= Enantiostasis =

Enantiostasis is the ability of an open system, especially a living organism, to maintain and conserve its metabolic and physiological functions in response to variations in an unstable environment. Estuarine organisms typically undergo enantiostasis in order to survive with constantly changing salt concentrations. The Australian NSW Board of Studies defines the term in its Biology syllabus as "the maintenance of metabolic and physiological functions in response to variations in the environment".

Enantiostasis is not a form of classical homeostasis, meaning "standing at a similar level," which focuses on maintenance of internal body conditions such as pH, oxygen levels, and ion concentrations. Rather than maintaining homeostatic (stable ideal) conditions, enantiostasis involves maintaining only functionality in spite of external fluctuations. However, it can be considered a type of homeostasis in a broader context because functions are kept relatively consistent. Organic compounds such as Taurine have been shown to still properly function within environments that have been disrupted from an ideal state.

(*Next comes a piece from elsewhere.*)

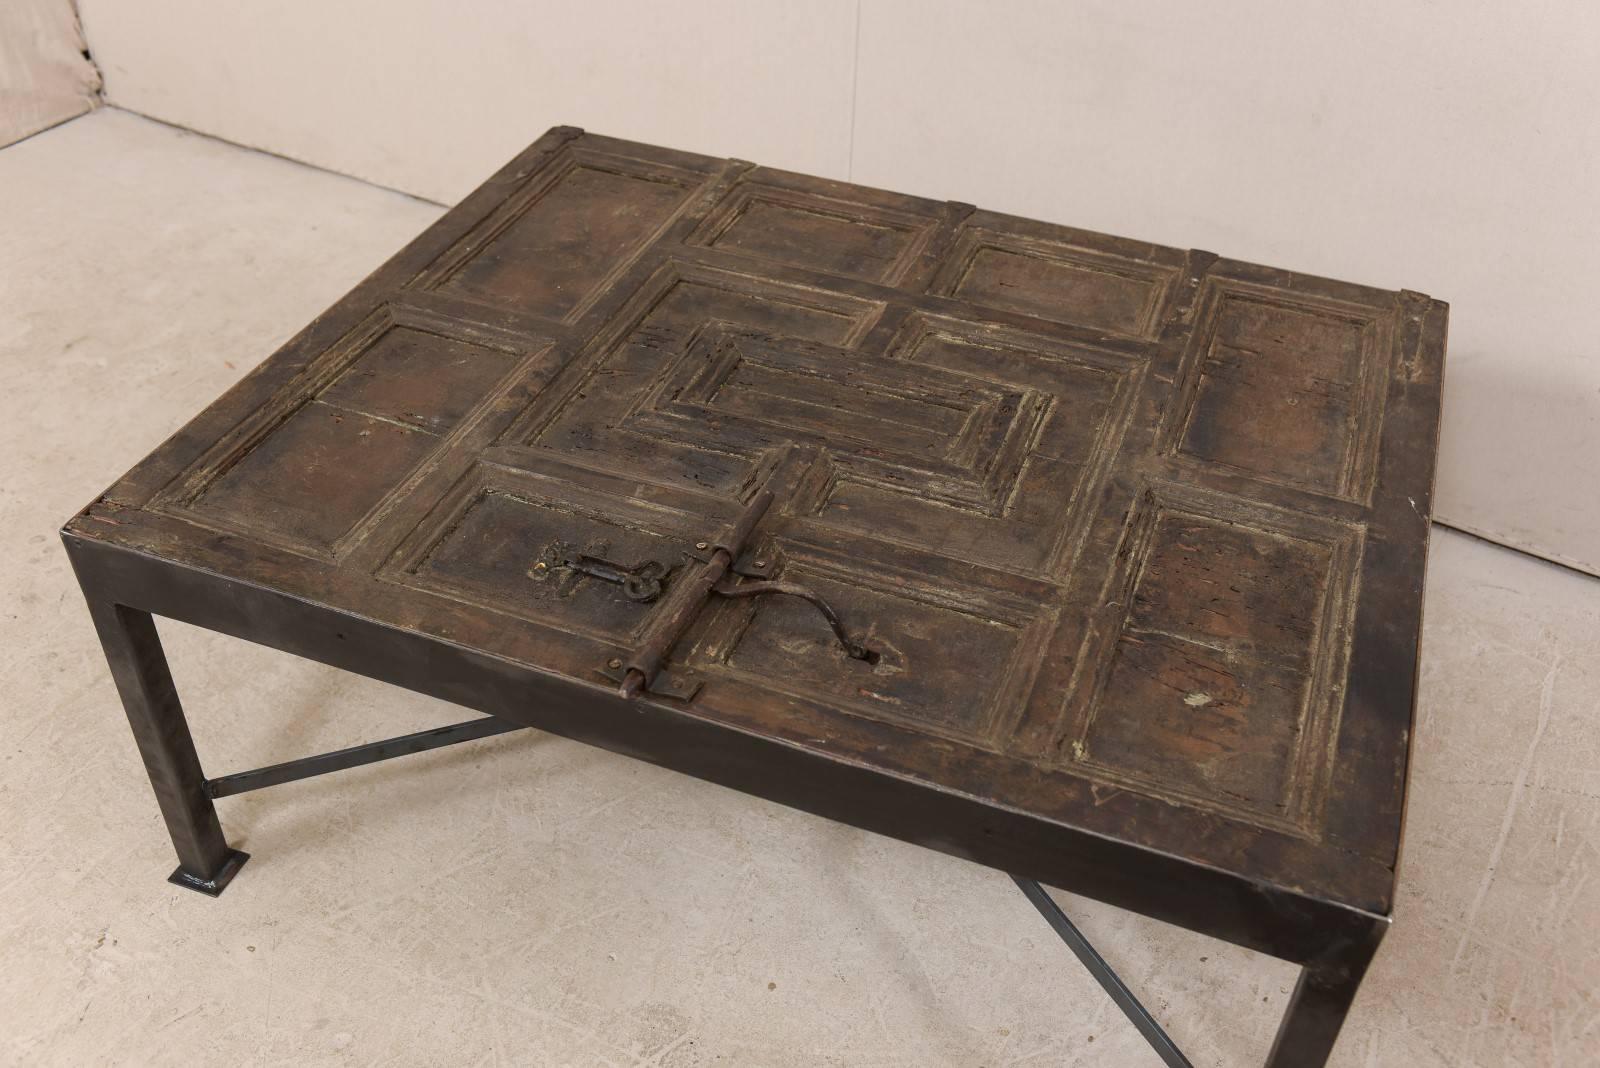 Carved Unique & Custom Designed Coffee Table w/ an 18th Century Spanish Door Top

The term enantiostasis was proposed by Mangum and Towle. It is derived from the Greek ἐναντίος (enantio-; opposite, opposing, over against) and στάσις (stasis; to stand, posture).

== Trehalose ==
- Fruit flies (Drosophila) use the non-toxic sugar trehalose that is found in the hemolymph of insects to cope with changes in environmental conditions. Trehalose levels can spike up to 2% in the hemolymph in response to temperature changes, salinity and osmotic and oxidative stress.
- Yeast cells accumulate trehalose in order to withstand heat stress.

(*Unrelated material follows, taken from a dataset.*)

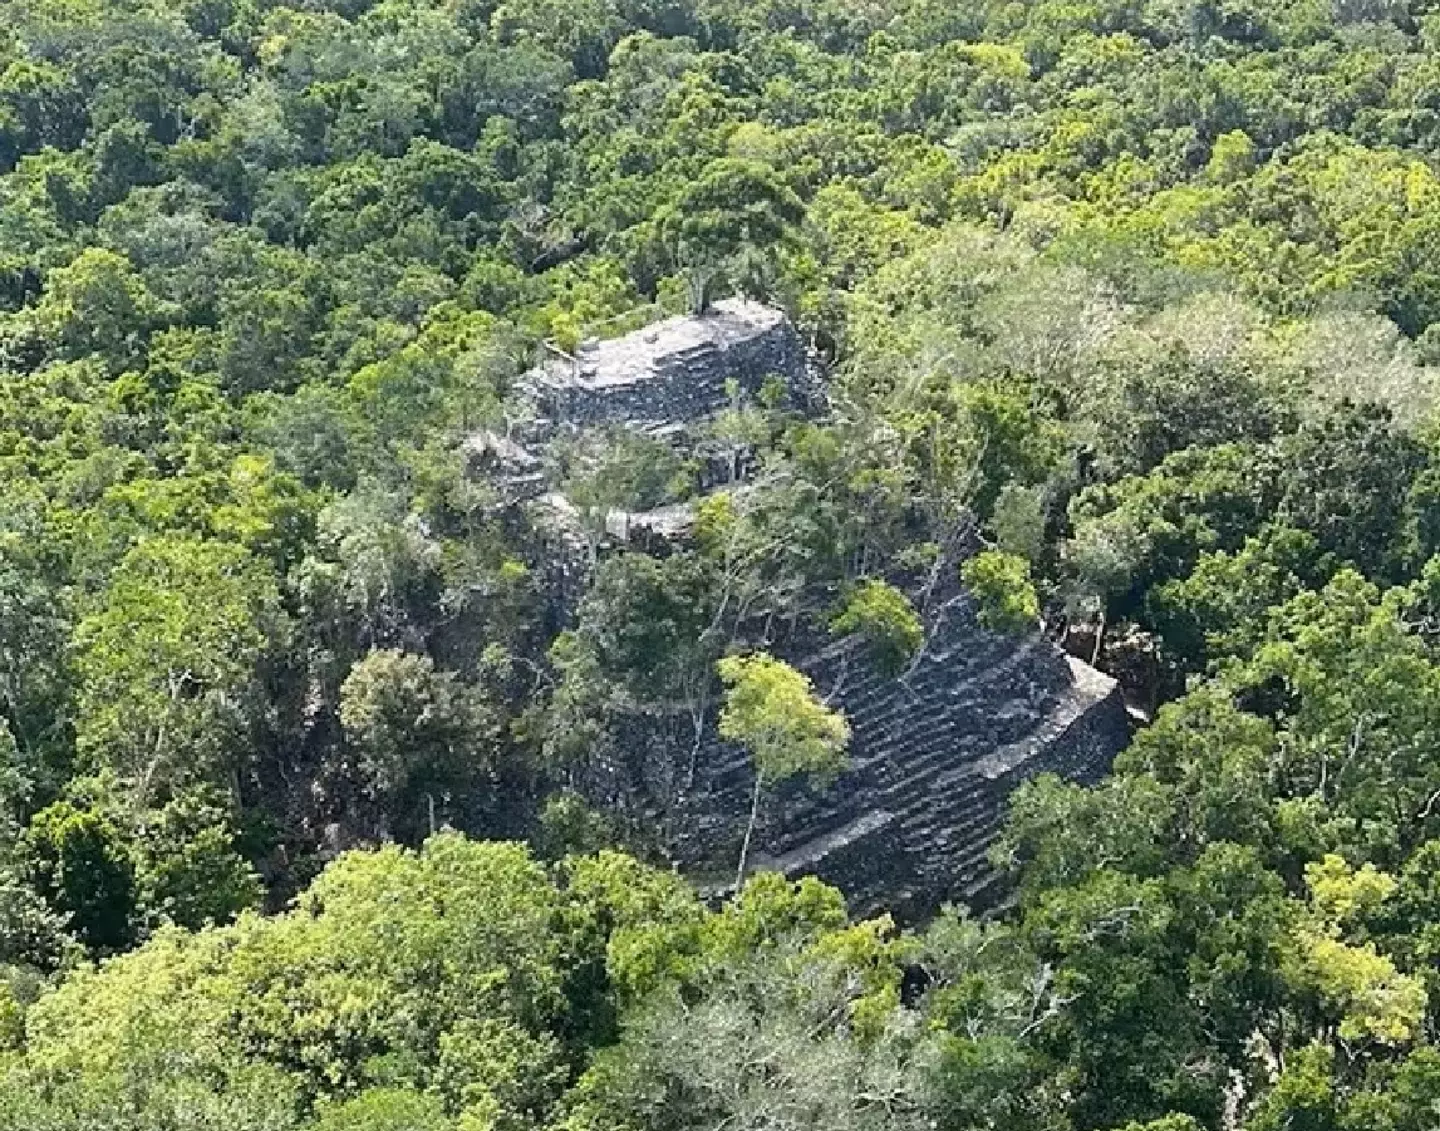 The true size of the ancient Mayan city had previously been masked by the jungle.

== Estuarine environments ==
Examples of organisms which undergo enantiostasis in an estuarine environment include:

- The oxygen binding effectiveness of hemocyanin in the blue crab Callinectes sapidus varies according to the concentration of two factors, calcium ion concentration, and hydrogen ion concentration. When these concentrations are varied in the same direction, they have a counterbalancing effect. To stabilize oxygen binding at low ionic concentrations, the crab increases its internal pH (decreasing the hydrogen ion concentration) to allow the hemocyanin to continue to function efficiently.
- The Dungeness crab, Cancer magister, relies on the magnesium ion (Mg^{2+}) for its hemocyanin oxygen affinity. In the juvenile stage, the crab has higher magnesium ion concentrations resulting in higher hemocyanin oxygen affinity. This changes throughout development, such that the adult Cancer magister has less magnesium ion and thus, less hemocyanin oxygen affinity. Intrinsic oxygen affinity is inversely proportional magnesium ion concentrations in the crab, which counterbalances the hemocyanin oxygen affinity.

== High-salt environments ==

- Halophiles have adapted to high salt environments by using energy from the sun to maintain a high internal potassium ion concentration and by using biological proteins that can function in the varying, high internal potassium ion concentrations. These adaptions allow halophiles to thrive by increasing internal osmolarity to compensate for the high sodium concentrations of the external environment, which prevents the movement of water out of the cell.